Scope, Boundaries & Aggregation

IFRS 17: Are Your Insurance Riders a Side Dish or a Separate Meal?

Lux Actuaries4 min read

Think of an insurance policy like a combo meal. You have your main item—the base life insurance contract—but you can also add extras like a critical illness rider (the fries) or a waiver of premium benefit (the drink). Under previous accounting standards, you generally priced and accounted for the entire meal as one package. IFRS 17, however, asks a more pointed question: Is that rider truly part of the main meal, or should it be treated as a separate item on the bill?

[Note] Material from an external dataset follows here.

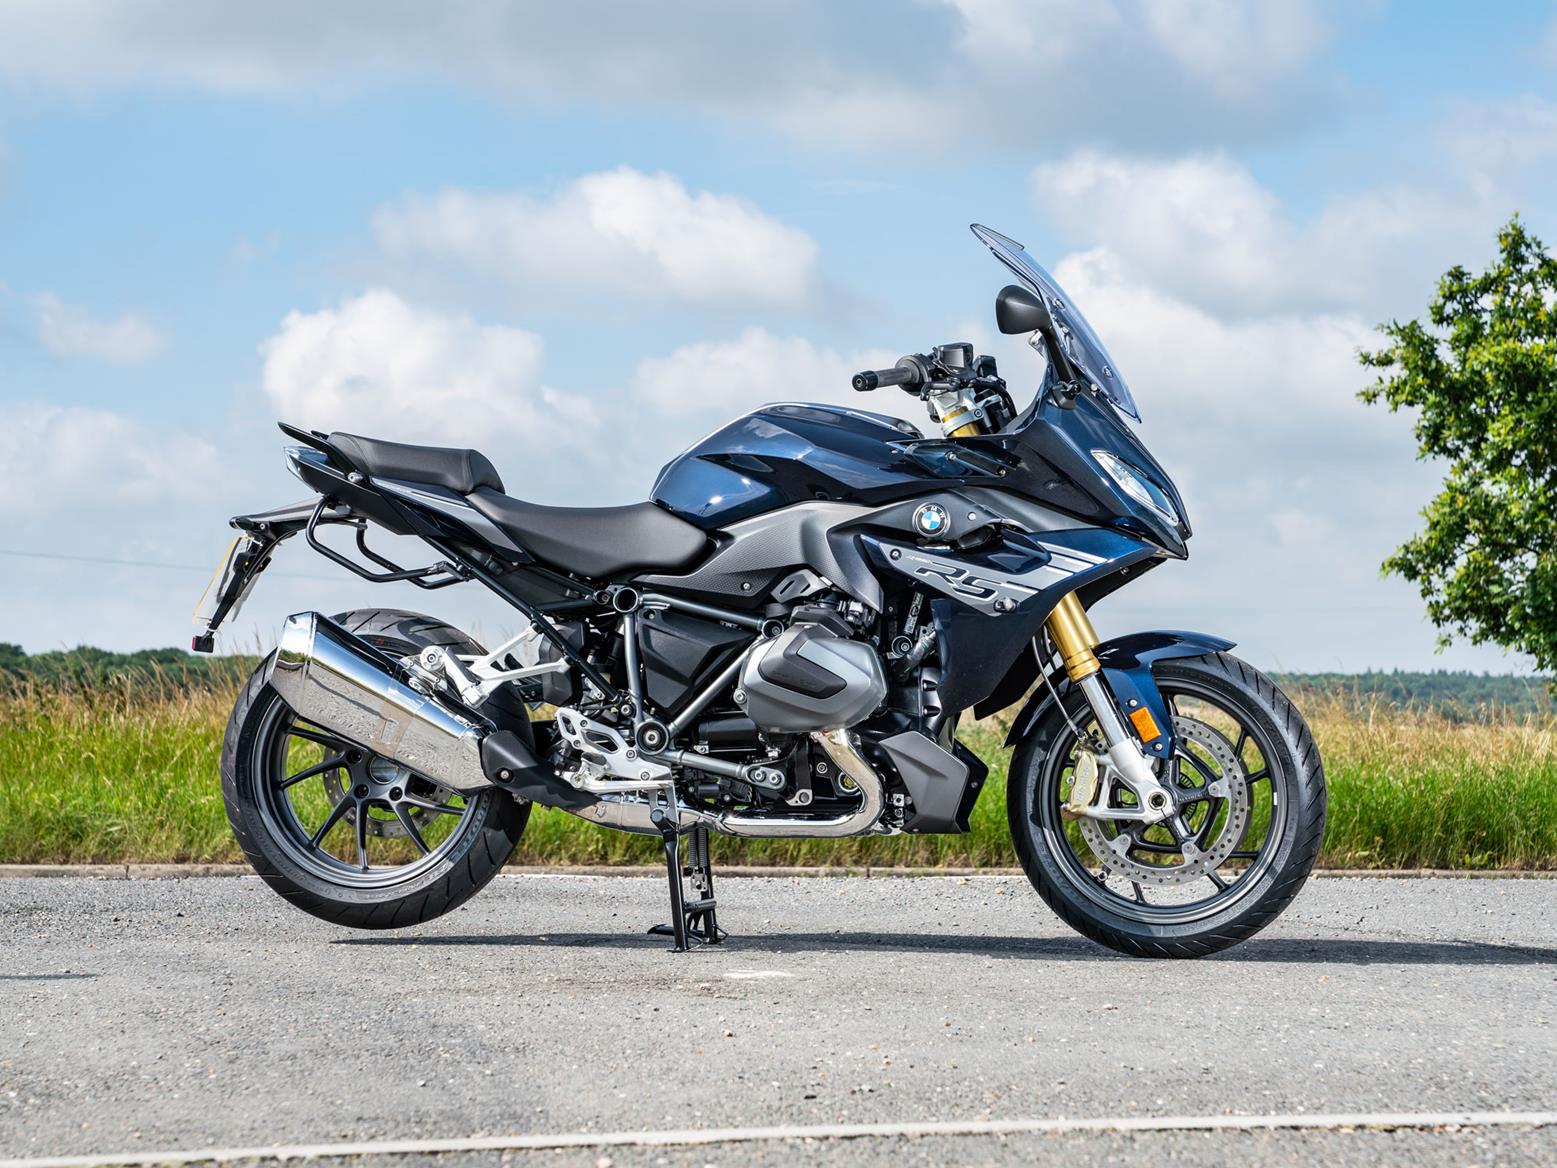 BMW R1250GS (2019-on) Review and used buying guide

This is one of the most fundamental shifts in thinking introduced by IFRS 17. The standard requires an entity to identify all the promises within a contract and decide whether to account for them together or to 'unbundle' them into separate components. This process is known as separation.

The Core Question: When to Unbundle?

The decision to separate a rider from its base contract isn't arbitrary. IFRS 17 provides a specific two-part test to determine if a component is 'distinct' and therefore requires separate accounting.

A rider must be separated if both of the following conditions are met:

1. The risks are not highly interrelated: This means the risk covered by the rider behaves largely independently of the risks in the base contract. For example, the investment risk in a unit-linked savings component is not closely related to the mortality risk of a term life policy. In contrast, an accidental death benefit is highly interrelated with a life policy, as one event often triggers the other.

2. A similar contract is, or could be, sold separately: The insurer must consider whether it, or another company in the same market, sells (or could sell) the benefit as a standalone product. A pure savings component could easily be sold separately, but a waiver of premium benefit attached to a specific policy typically cannot.

If a rider fails either one of these tests, it is considered part of the base contract and its cash flows are bundled together.

The Accounting Impact: Why Separation Matters

This isn't just an academic exercise; the decision has a direct impact on your financial statements, particularly on the Contractual Service Margin (CSM), which represents the unearned profit of a contract.

If a rider is NOT separated: Its expected premiums and benefit cash flows are merged with those of the base contract. They all form a single group, with one CSM calculated for the entire bundle. The profit is then released over the combined coverage period of the whole package.

If a rider IS separated: It is treated as its own mini-contract. It will have its own CSM, and its profit will be recognized over its specific coverage period. This is critical because the rider's coverage period might be much shorter than the base policy's. Separation ensures that profit is recognized in the period the service is delivered, preventing profits from being artificially deferred or accelerated.

A Practical Look

Consider a 20-year life policy with an attached 5-year term critical illness (CI) rider. The mortality risk of the life policy and the morbidity risk of the CI rider are not considered highly interrelated. Furthermore, standalone CI policies are widely available.

Under IFRS 17, this CI rider would likely be separated. This means the insurer would calculate a CSM for the 20-year life component and a separate CSM for the 5-year CI rider. The profit from the rider would be fully recognized over its 5-year term, rather than being spread thinly over the full 20 years of the base policy. This leads to a more accurate and transparent representation of profitability.

Getting the separation right is a foundational step in your IFRS 17 journey. It ensures your profit recognition patterns accurately reflect the services you provide to policyholders, providing clearer insights for management and investors alike.